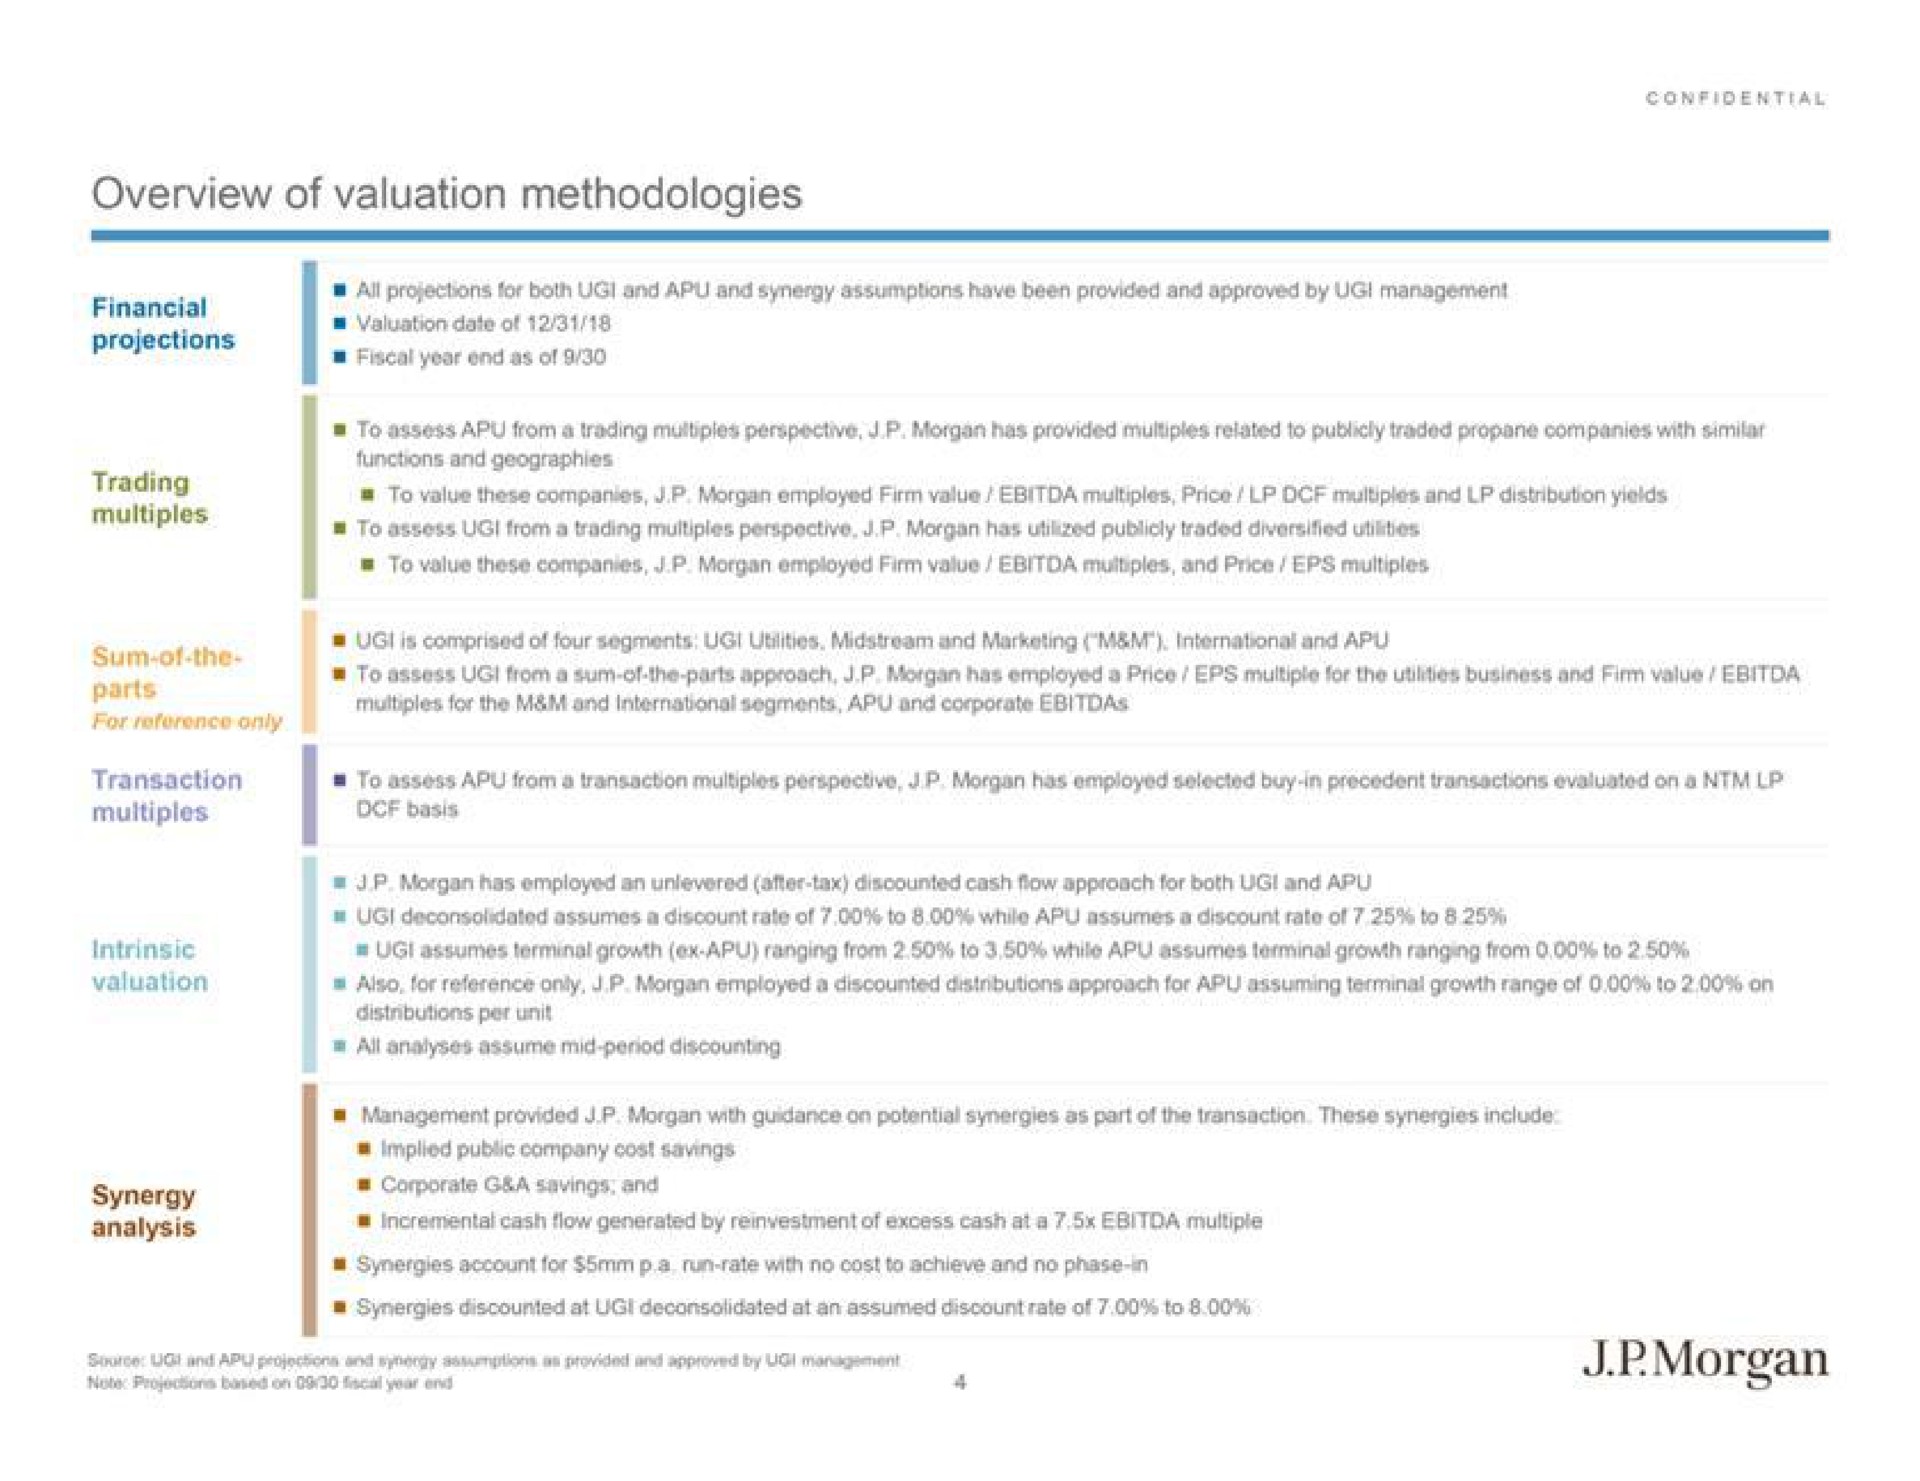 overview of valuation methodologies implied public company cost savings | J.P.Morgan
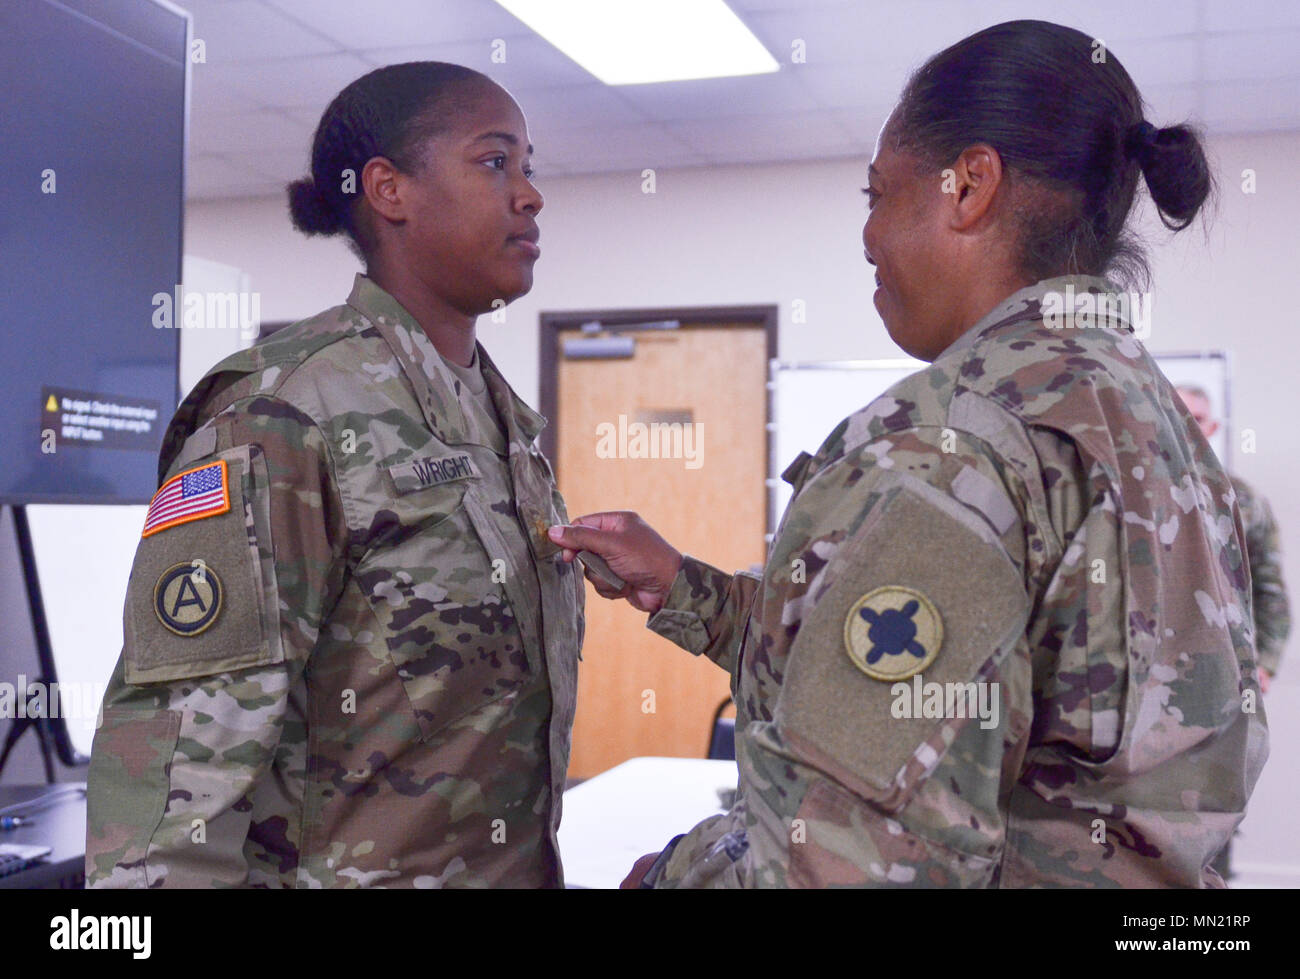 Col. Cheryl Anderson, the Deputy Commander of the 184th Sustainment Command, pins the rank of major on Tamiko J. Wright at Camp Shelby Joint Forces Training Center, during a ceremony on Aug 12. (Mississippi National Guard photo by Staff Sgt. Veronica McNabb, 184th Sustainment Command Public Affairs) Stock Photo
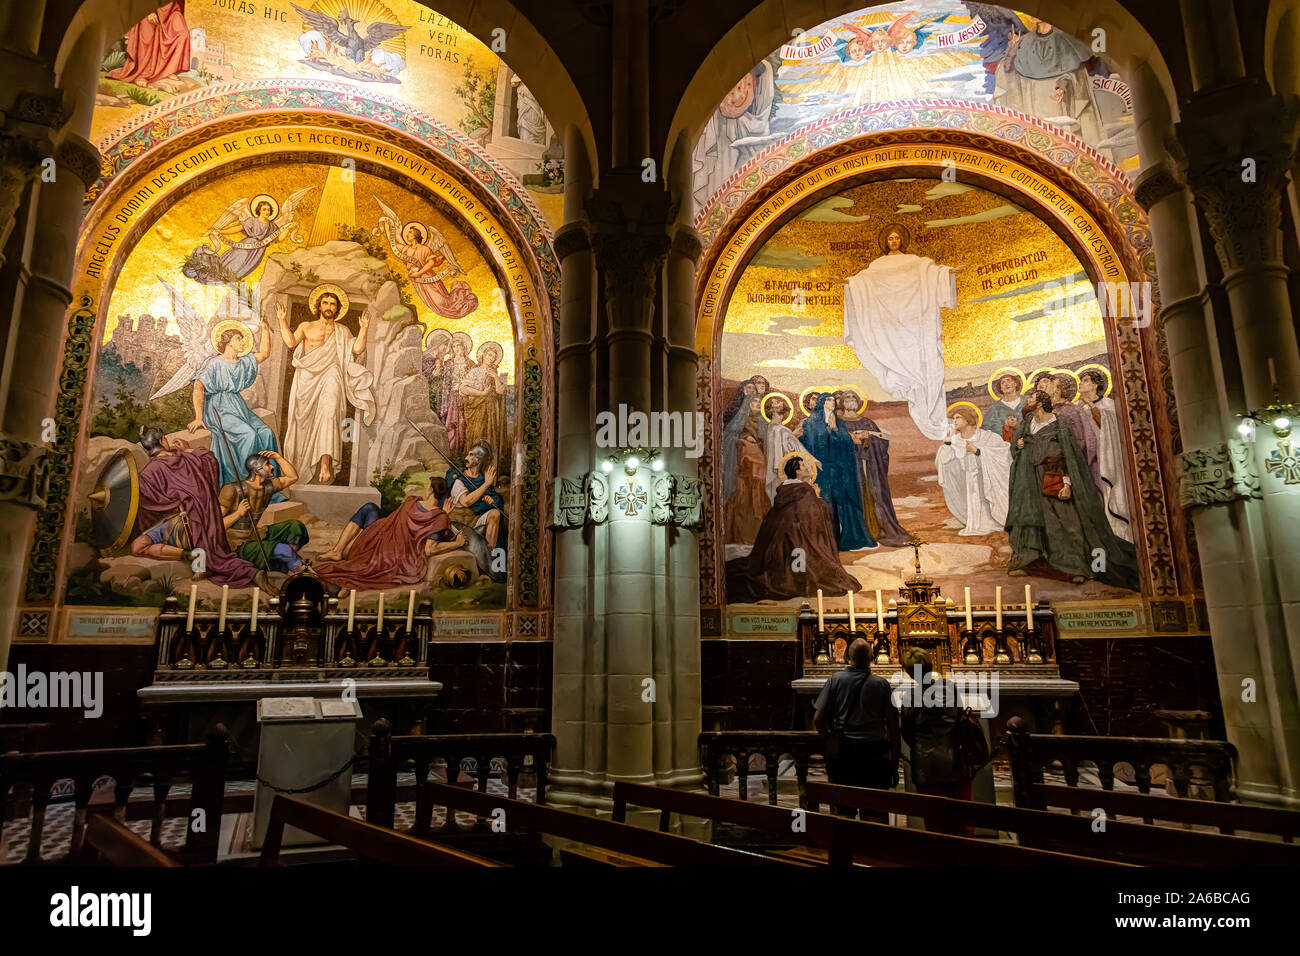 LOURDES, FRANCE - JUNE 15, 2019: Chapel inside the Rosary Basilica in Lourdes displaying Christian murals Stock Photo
○ ○ ○
● **Aim of the task**:
Restate the whole listing word for word. Omit the pictures.

● **Your solution**:
 overview of valuation methodologies implied public company cost savings | J.P.Morgan
 Col. Cheryl Anderson, the Deputy Commander of the 184th Sustainment Command, pins the rank of major on Tamiko J. Wright at Camp Shelby Joint Forces Training Center, during a ceremony on Aug 12. (Mississippi National Guard photo by Staff Sgt. Veronica McNabb, 184th Sustainment Command Public Affairs) Stock Photo
 LOURDES, FRANCE - JUNE 15, 2019: Chapel inside the Rosary Basilica in Lourdes displaying Christian murals Stock Photo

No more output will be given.